Where I am employed we use 3M VHB tape to attach polyester sheet to powder coated steel and glass to aluminum. This adhesive holds up very well in our industrial control application. It is important that the surfaces be cleaned and that the adhesive be allowed to 'cure' for about 24 hours before loading. Use denatured alcohol for cleaning the surfaces prior to applying the tape.


----------



## Schlosser (Jan 2, 2008)

I know nothing about aluminum but I'll agree with Totalwreckers post. I've been victimized too many times by new-fangled shortcuts or inventions. Like the time IBM replaced all their expensive cam followers with sintered iron cam followers. In a short time, they would stop rolling and became efficient files, and the cams they were following became nice circles.

Replacing all those cams was not CHEAP.

My 1960 Dodge stationwagon had linoleum flooring glued to the metal. Did it stay glued? No. Big company, stuff goes out the door, bright-idea-guy gets promoted and I have an ugly car.

Stick with what you know works if it's going to be with you for a while.

Art


----------



## Semper Vaporo (Jan 2, 2008)

Do a search on this site for "Carrier" and you will find lots of info you might find of value in what you are building.


----------



## RimfireJim (Mar 25, 2009)

You don't need to use the VHB tape for aluminum to aluminum - VHB stands for "very high bond", and is designed for materials with low surface energy (many plastics), and is fairly expensive stuff. There are many epoxy, acrylic and urethane adhesives that will work for aluminum/aluminum. One product that will work for your application, and is handy to have in your toolbox, is acrylic transfer tape: http://www.mcmaster.com/#adhesive-transfer-tape/=38udrq It is pure acyrlic adhesive, with no carrier ("glue on a roll"). Your application has a lot of surface area, and the only load is in shear - perfect for an adhesive.


----------



## 3lphill (Feb 22, 2008)

Good Afternoon 
The 3m line of tapes is vast and I have inaccuratelly lumped them together. With in the line there are a number of choices for thickness and substrates I always talk to a rep before applying one in a new application. Given the factors of area force and force direction there advice is priceless. And sometimes the tester samples are enough to do the job with. But if it is important and failure is not an option redundancy is a good thing. So when we needed to build 40' tall clear, light weight, columns for the opera "War and Peace" that had to ship to St Petersburg Russia we used PETG sheet stock rolled the long way joined with a clear VHB tape and (being paranoid) rivets spaces 18" apart. Just rivets might have torn out just tape might have popped free in the cold during shipping. So far the set has been used by a couple of different Opera companies in the last 10 years and I have not heard any issues with the columns. 
Phillip


----------



## Les (Feb 11, 2008)

John,

Go you.

Rivets rule. Or screws 'n nuts, or screws 'n threads.

Ol' Vulp


----------



## GG (Jan 1, 2009)

Well there is merit to the good ole mechanical techniques... 

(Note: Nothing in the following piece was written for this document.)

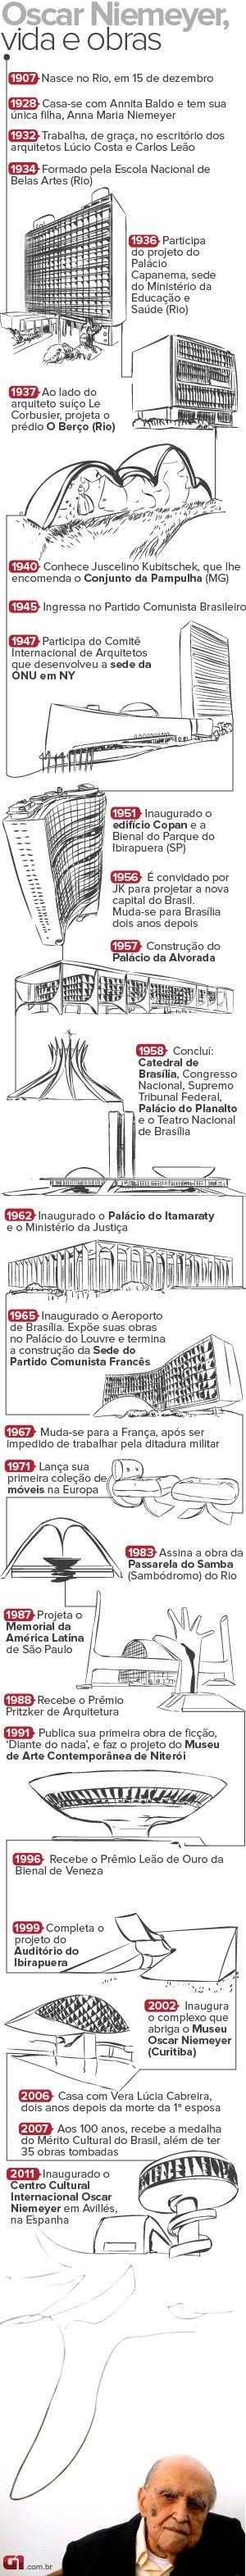 Oscar Niemeyer. Vida e Obra. Um gênio da arquitetura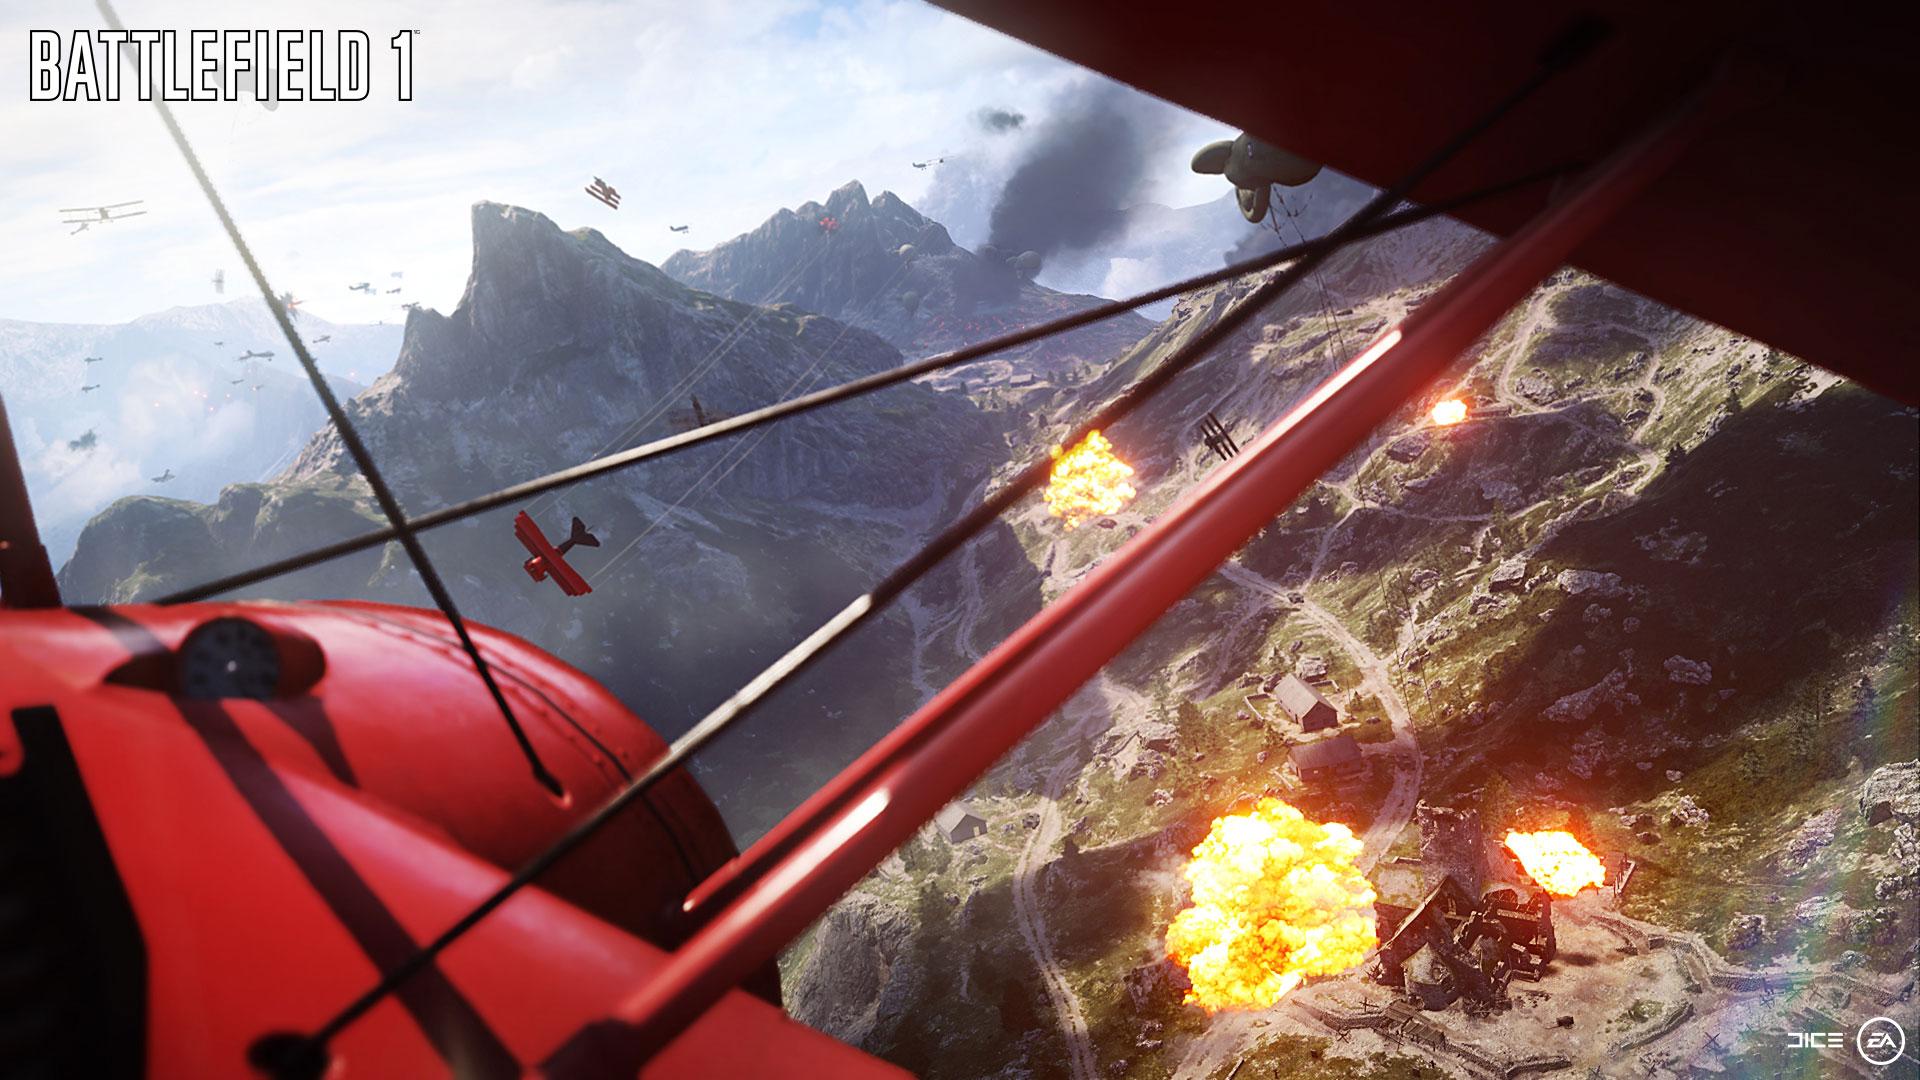 Battlefield 1 Announcement Screen 1

I find that aluminum is quite machineable and can be drilled easily. Yes those rivets were fun to install as well. QA is critical so I used a caboose... 











The Triplex, in theory, can now be loaded onto the track in one piece and stored by reversing the loading action. Secret however is to make sure that the power to the track is OFF when loading or unloading. By using Instrumentation channel I now have sides where I can drill and bolt in the wood framing to make the whole unit "toteable". 












See any gaffers ????? 










I personally see lots !


----------



## Totalwrecker (Feb 26, 2009)

We all see our own vivdly.... but it's not my place to mention yours... 

I'd suggest 2 handles and balanced with the loco in it... 

Looking good 

John


----------



## GG (Jan 1, 2009)

Posted By Totalwrecker on 22 Aug 2009 06:02 PM 
We all see our own vivdly.... but it's not my place to mention yours... 

I'd suggest 2 handles and balanced with the loco in it... 

Looking good 

John 
Good John and thanks. Don't be shy to comment on Phase 2 or even this one for that matter. Constructive feed back is good. 

This basic unit will get my Triplex to the train show in September. Over the winter, I will construct the "case" and your comments combined with others are valuable. 2 handles yes, balancing yes.. need to "lock loco" position. can do this many ways. (oops ... need ideas)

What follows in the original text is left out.